On mazes generated by the sidewinder algorithm, the start position is usually on the bottom row and the AI can easily navigate to the top row. This effectively bisects the maze, given that the finish position is placed as far as possible from the start, can you use this information to prioritise the search?
Can you navigate the maze without memorising where you have been?

API Interface

The Swagger specification for this API can be downloaded ( here)[https://files.aisandbox.dev/swagger/maze.yaml].

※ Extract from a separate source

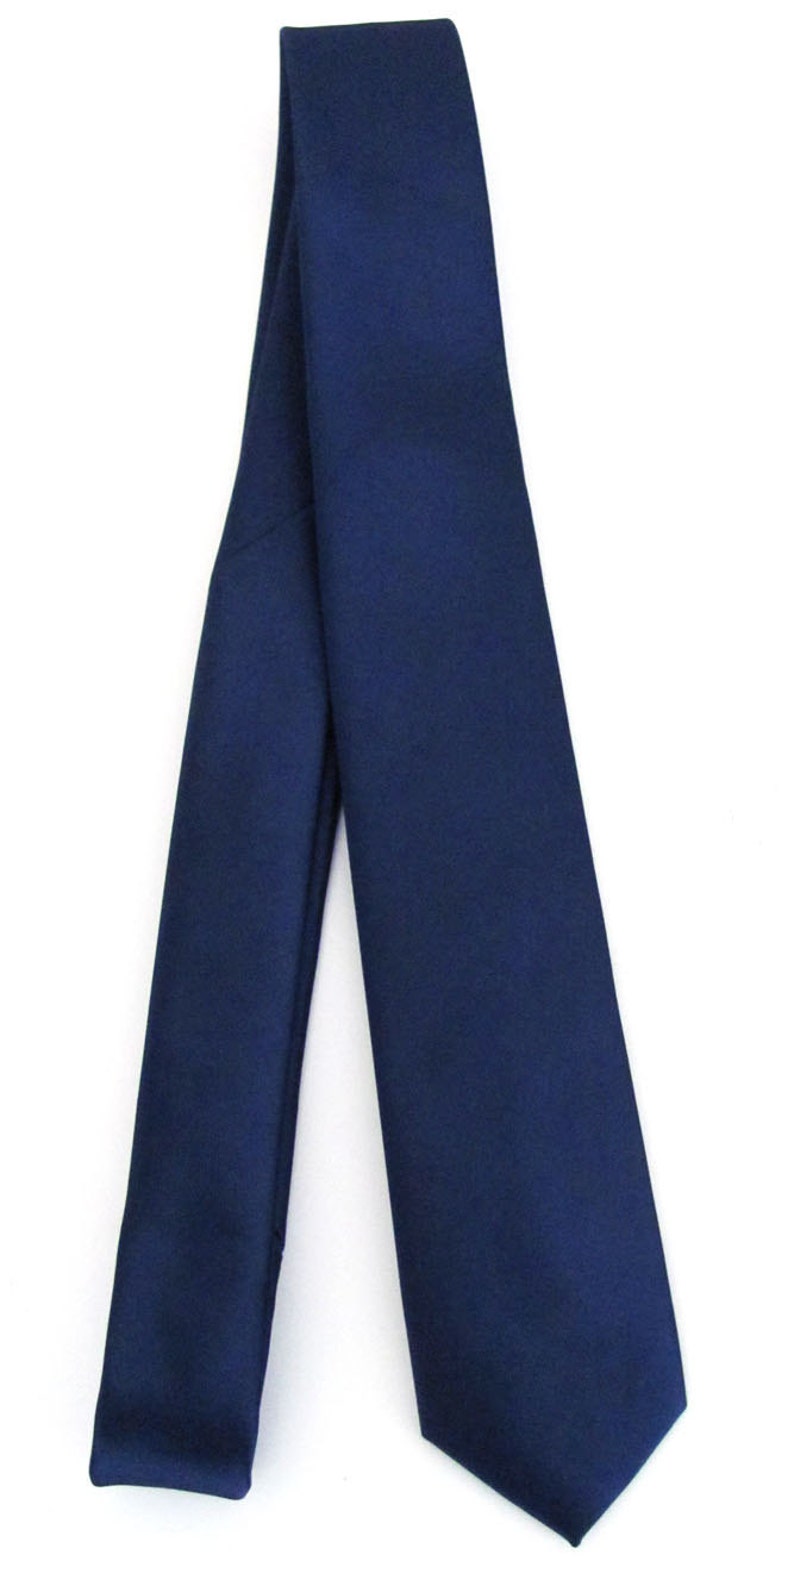 Mens Tie. Dark Navy Blue Skinny Silk Necktie with Matching Pocket Square Handkerchief Option image 3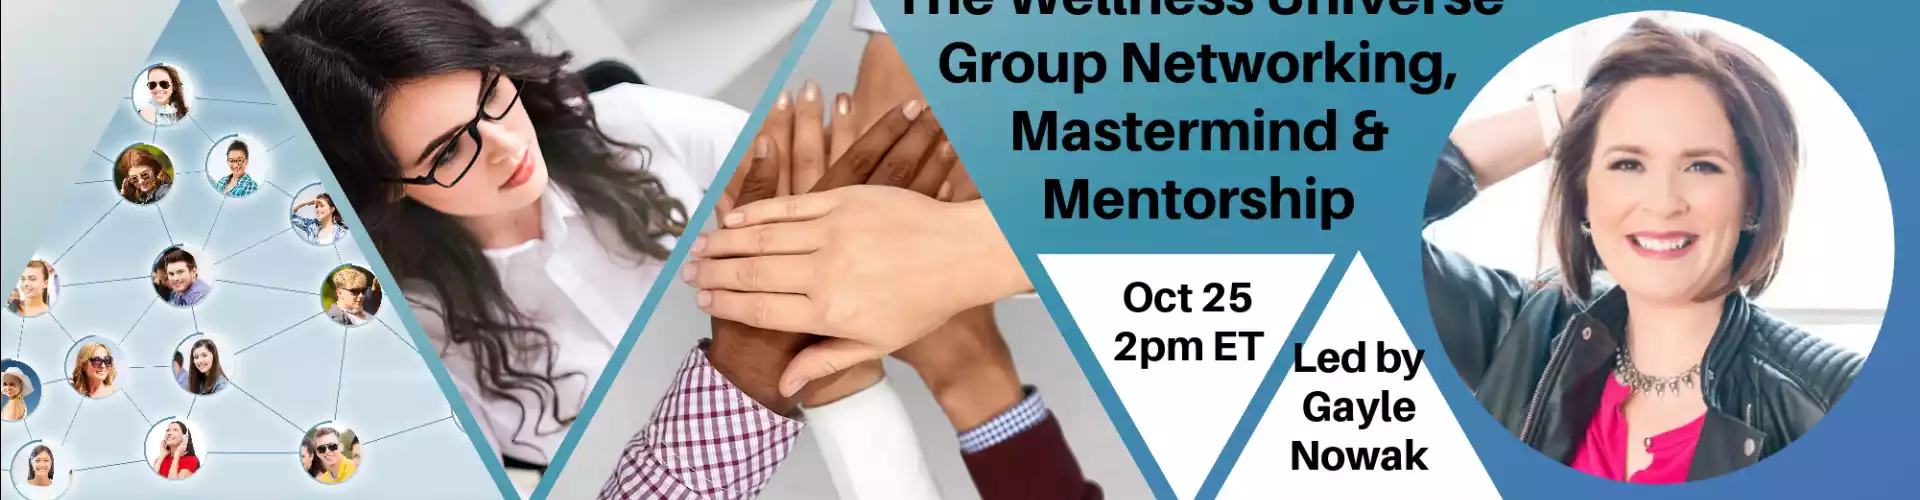  WU Group Networking, Mastermind & Mentorship w Gayle Nowak

The API is implemented as a single POST action which contains:

The configuration of the board, consisting of:
- Board ID – this is unique to the maze that is being played.
- Valid Moves – the possible directions to move in, normally “North”, “South”, ”East” and “West”.
- Width – the width of the board
- Height – the height of the board
(Optional) The result of the last move
- The previous position
- The action that was taken
- A numerical reward (hitting a wall=-1000, taking a step=-1, finding the exit=+1000) for the last action.
- The resulting position.
The current position

The result is always a move command followed by one of the valid directions.

Notes:

Positions are represented in X, Y coordinates with (0,0) at the top left.
Agents are automatically reset to the start position after finding the exit. Because of this the

JSON Example Request

{
  "config": {
    "boardID": "2e2e83e5-9ca4-48f3-a6b4-ba1e0061fdfa",
    "validMoves": [
      [
        "North",
        "South",
        "East",
        "West"
      ]
    ],
    "width": 10,
    "height": 20
  },
  "history": {
    "lastPosition": {
      "x": 3,
      "y": 4
    },
    "action": "East",
    "reward": -10.5,
    "newPosition": {
      "x": 3,
      "y": 4
    }
  },
  "currentPosition": {
    "x": 3,
    "y": 4
  }
}

JSON Example Response

{
  "move": "North"
}

XML Example Request

<?xml version="1.0" encoding="UTF-8"?>
<MazeRequest>
  <config>
    <boardID>2e2e83e5-9ca4-48f3-a6b4-ba1e0061fdfa</boardID>
    <validMoves>
      <0>North
    </0>
  </validMoves>
  <width>10</width>
  <height>20</height>
</config>
<history>
<lastPosition>
  <x>3</x>
  <y>4</y>
</lastPosition>
<action>East</action>
<reward>-10.5</reward>
<newPosition>
  <x>3</x>
  <y>4</y>
</newPosition>
</history>
<currentPosition>
<x>3</x>
<y>4</y>
</currentPosition>
  </MazeRequest>

XML Example Response

<?xml version="1.0" encoding="UTF-8"?>
<MazeResponse>
  <move>North</move>
</MazeResponse>

Mine Hunter

Mine Hunter pits the AI against a minefield! A known quantity of mines has been distributed across a grid of squares and the AI agent must work out where they are. To help, each uncovered square will show how many mines are in the surrounding squares.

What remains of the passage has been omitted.